Wednesday, January 24, 2018

poached black cod with fried gluten

I suddenly has this idea to poach cod at low heat. The reason I have this idea is cod meat is firm and easy to handled raw, but easily falls into pieces while cooking. By poaching it at low heat I can better control in having it cook just right, which can be hard especially if the meat is thick from a big fish.

I am not fussy with the ingredients in this dish. I just use what I have on hand as long as I think they go with the mild piece of fresh cod. For this I bought a small piece of tail and fillet it myself. It gives me two equal pieces enough for two servings.

The ingredients I used are cod fillet, sake, salt, ginger, scallion, garlic, Asian cabbage, Napa cabbage, shiitake mushroom, fried gluten (seitan), and olive oil.
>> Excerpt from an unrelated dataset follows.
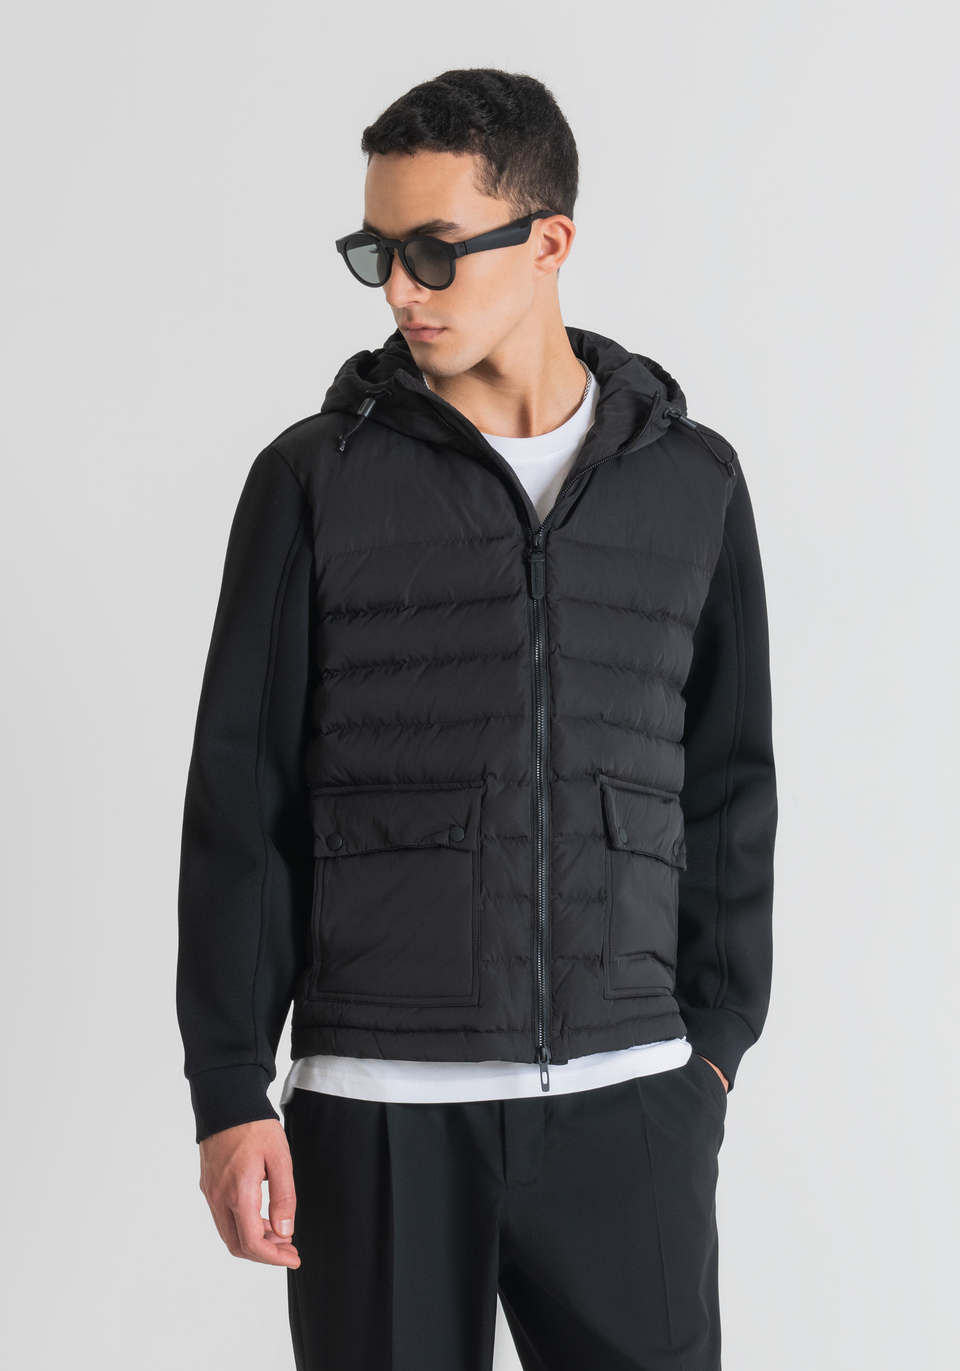 SLIM FIT JACKET IN QUILTED TECHNICAL FABRIC - Antony Morato Online Shop

here is a meal made of one of the two pieces of the fillets from the cod tail

I used this non-flavored fried gluten - do not buy the one that are flavored and ready to eat

for best result stew it for may at least half an hour to tenderize them; a few pieces goes a long ways

here is another meal made with the other piece of the fillet from the tail that I bought

I really like this way of preparing cod. I think I will buy fresh cod more often. Buying fish is often quite stressful for me if I don't cook them and let it set in the refrigerator. Fish loses the freshness very fast in a household fridge.

Speaking of fried gluten (saitan). Quite often the unflavored one is all sold out, or the store simple carry only the flavored ones. I bought this flavored one that is ready to eat against my hunch it most likely not good. It turned out it is so laden with sugar and MSG that I just cannot eat it. Not wanting to waste them, I boiled a few pieces in water to try removing most of the MSG and sugar to no avail.